Unlike Ted, Billy gets a good, solid, middle-aged round of applause. It helps to have the girls in the audience. Their enthusiasm and affection lifts the spirit of the rest of the punters, allowing him a certain degree of latitude when it comes to hitting the higher notes. Billy has a good head of hair, still looks fairly trim for someone in his mid fifties, so long as he buys his suits from the more expensive end of the peg, and he doesn't sweat too much under the lights.
"Thank you, very much. The real King there. As ever it's a privilege to be back at Snuggle's, and I hope you're enjoying the show. I'm going to take you on a trip down memory lane on a journey to the stars." Billy winces inside slightly as he mixes his metaphors. "We'll be meeting up with Frank and Tony, Tom Jones, Vic, Matt Munro, Andy Williams and, of course, my own little offering to the wonderful world of song."
Billy smiles for Colgate and walks over to the band. The sound of the hurdy-gurdies cueing themselves in can just be heard over the clatter of pudding bowls and cheese plates being cleared from tables.
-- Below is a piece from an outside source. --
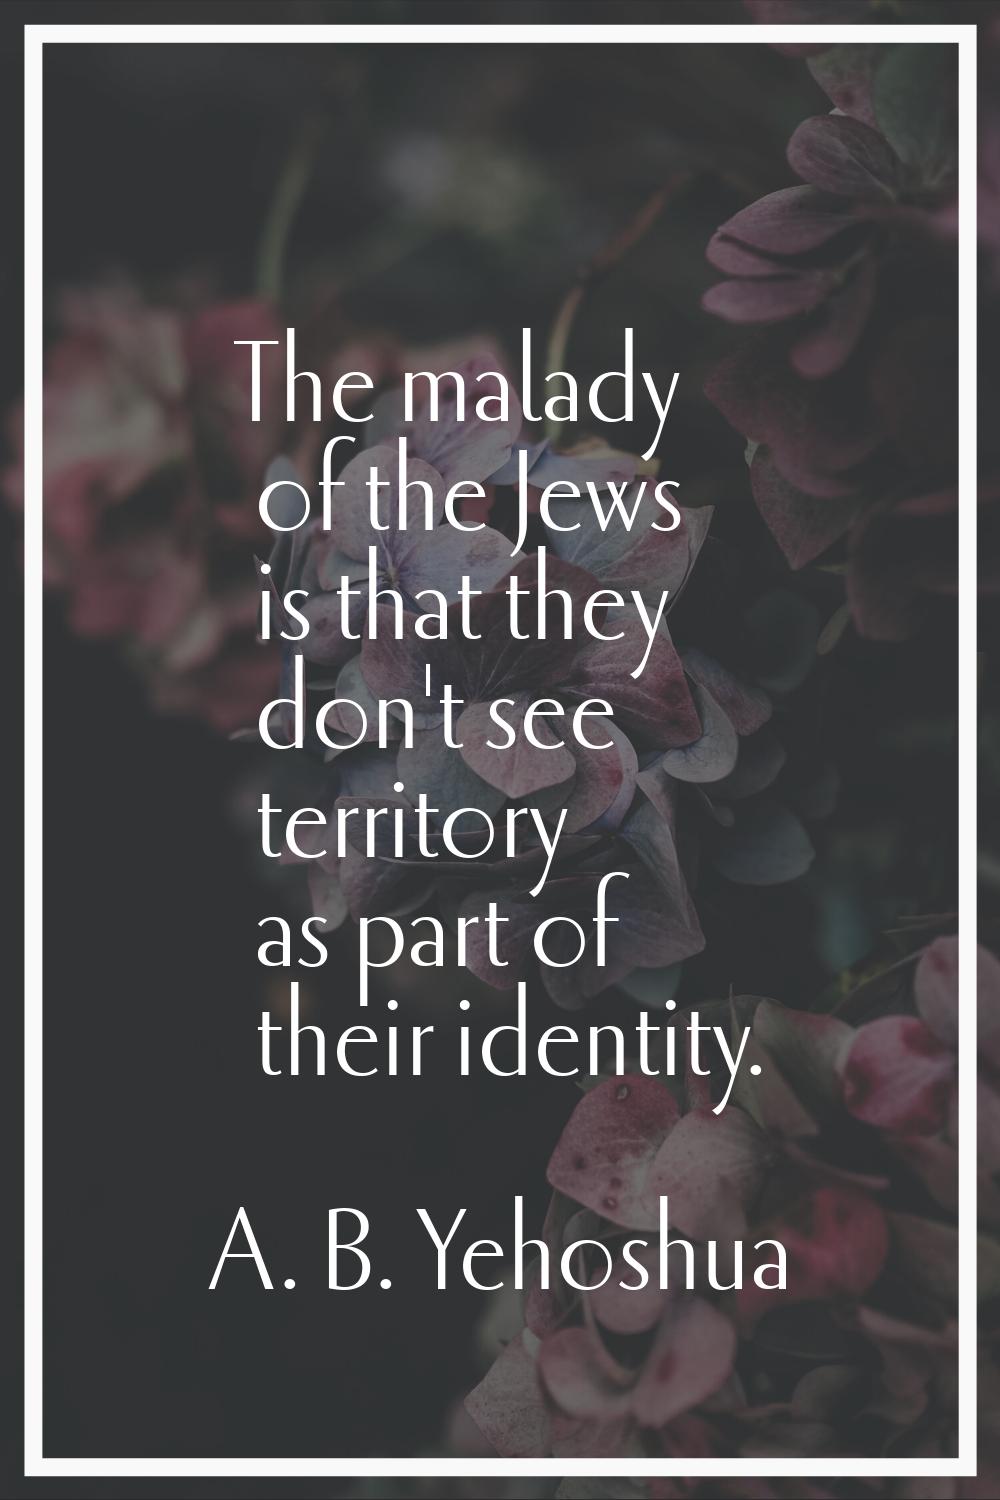 The malady of the Jews is that they don't see territory as part of their identity.

Coffee cups and desert plates full of house branded bitter-mints take their place. The drummer starts to slide his brushes over taut skin. A false start. Heads turn. The band paddle frantically towards the melody pursued by Billy's shark infested smile. The opening bars of From Russia with Love emerge from the chaos and Billy Whitlow dives back under the thickly silted, melodic waters that keep The Don of Doo Wap afloat.